Chinese hamster ovary (CHO) cells are currently the first choice mammalian cell line for the production of complex therapeutic proteins requiring proper folding and post-translational modifications, creating an annual revenue exceeding 100 billion USD (Mudhar, 2006). With the publication of a CHO-K1 draft genome (Xu et al., 2011), as well as thorough analysis of the CHO mRNA transcriptome (Becker et al., 2011), the basis for genomic characterization of CHO cells has been set and will allow the development of novel tools to rationally design CHO cells as bioindustrial work horses.

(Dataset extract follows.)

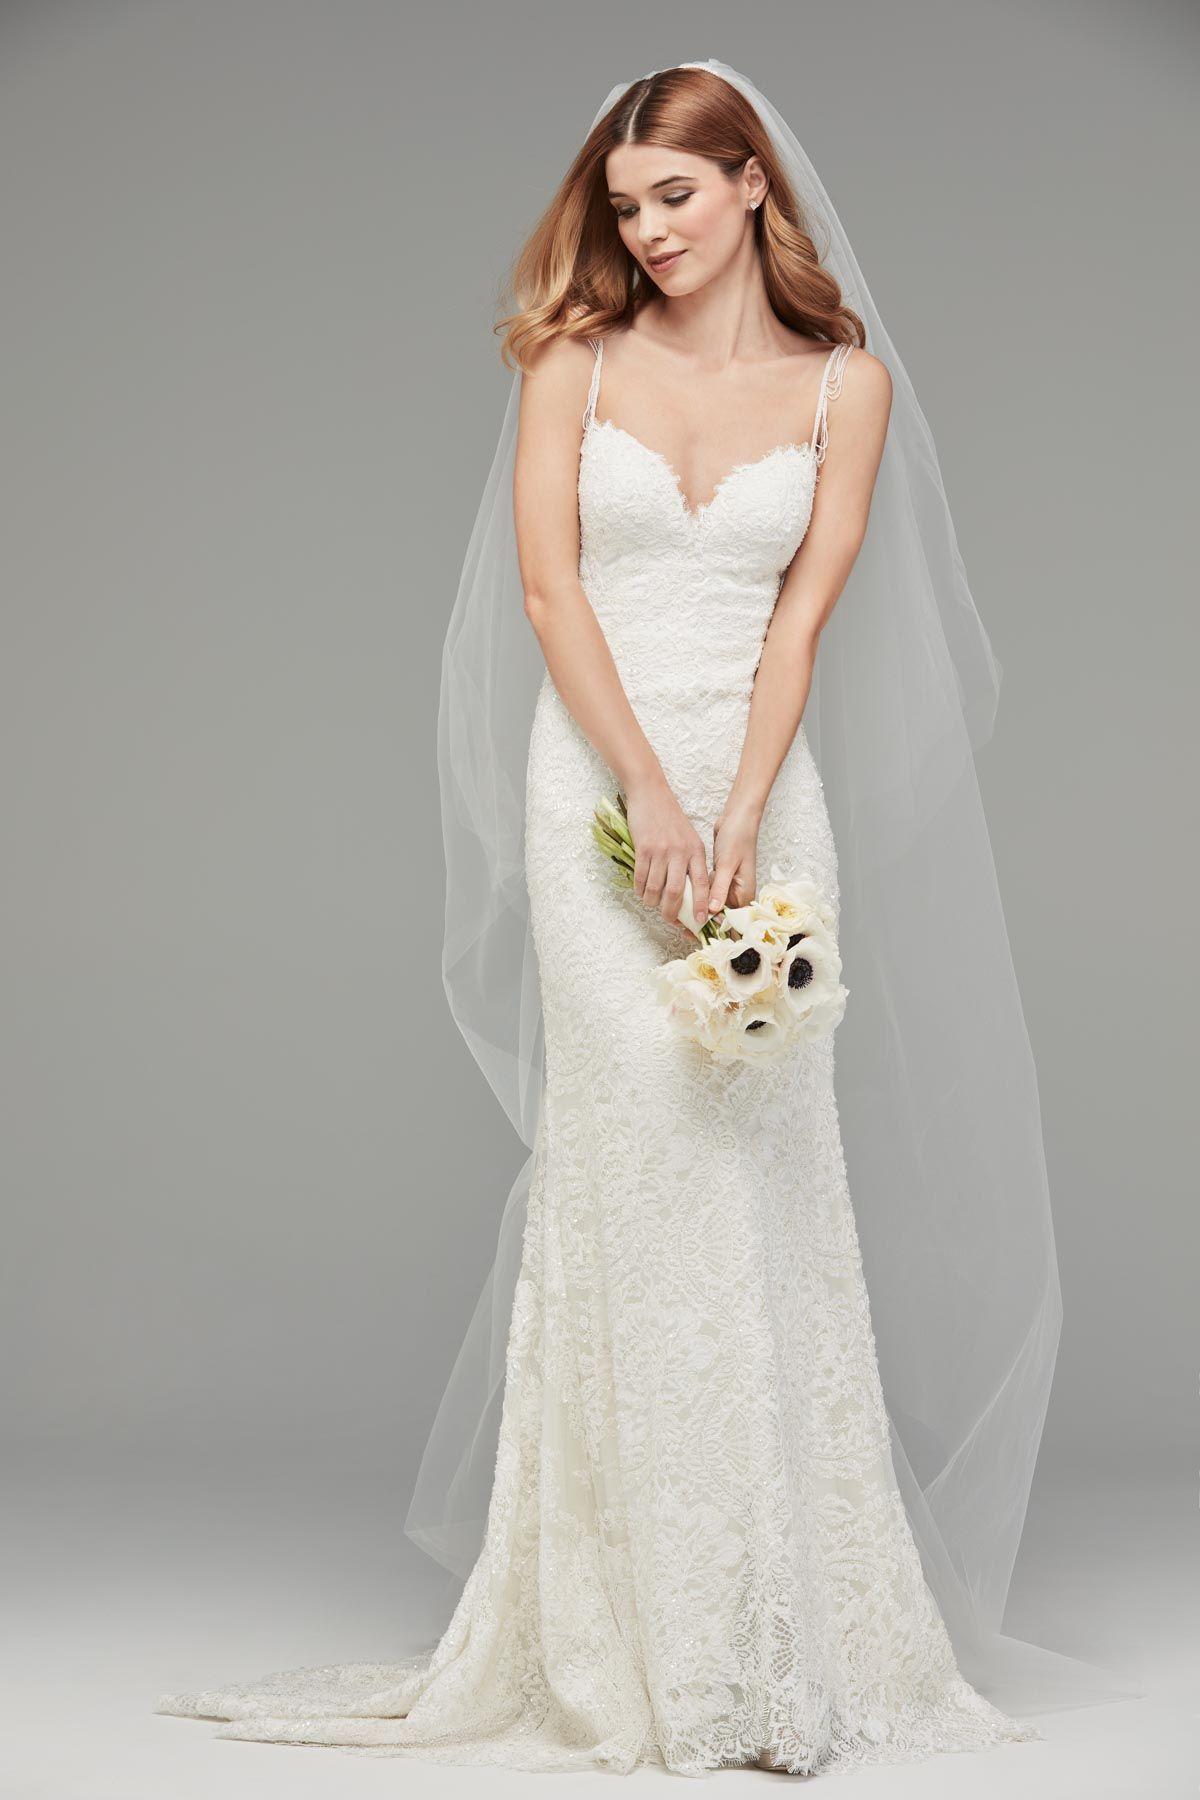 Hasdiel 3010B   Watters Brides   Watters   Bridal gown   Pinterest ...

Therefore, microRNAs (miRNAs) have been discussed as promising tools for CHO cell characterization as well as engineering (Barron et al., 2011). This family of small non-coding RNAs, which by now encompasses more than 1000 sequences for mouse and human (Griffiths-Jones, 2010), acts by negative regulation of gene expression due to post-transcriptional repression of mRNA translation (Hüttenhofer and Schattner, 2006). The ∼22 nt long mature miRNAs that catalyze this repression are the result of enzymatic processing of a primary RNA-Polymerase II miRNA transcript: in the nucleus, RNase III Drosha together with Dgcr8 cleave a ∼70 nt long single-stranded RNA referred to as precursor miRNA (pre-miR) or miRNA hairpin/stem-loop due to its characteristic secondary structure (Gregory et al., 2004). Pre-miRNAs are exported into the cytoplasm where cleavage of the loop by the RNase Dicer generates a duplex of two ∼22 nt long mature miRNAs (Takeshita et al., 2007). The partial sequence complementarity underlying the miRNA:mRNA interaction, allows single miRNAs to bind up to 100 distinct mRNAs (Selbach et al., 2008), thus potentially orchestrating the expression of whole gene networks similar to transcription factors. This range in target regulation achieved by individual miRNAs is mirrored in their biological relevance, which includes control of cellular proliferation and energy metabolism as well as stress resistance and cell death (Müller et al., 2008).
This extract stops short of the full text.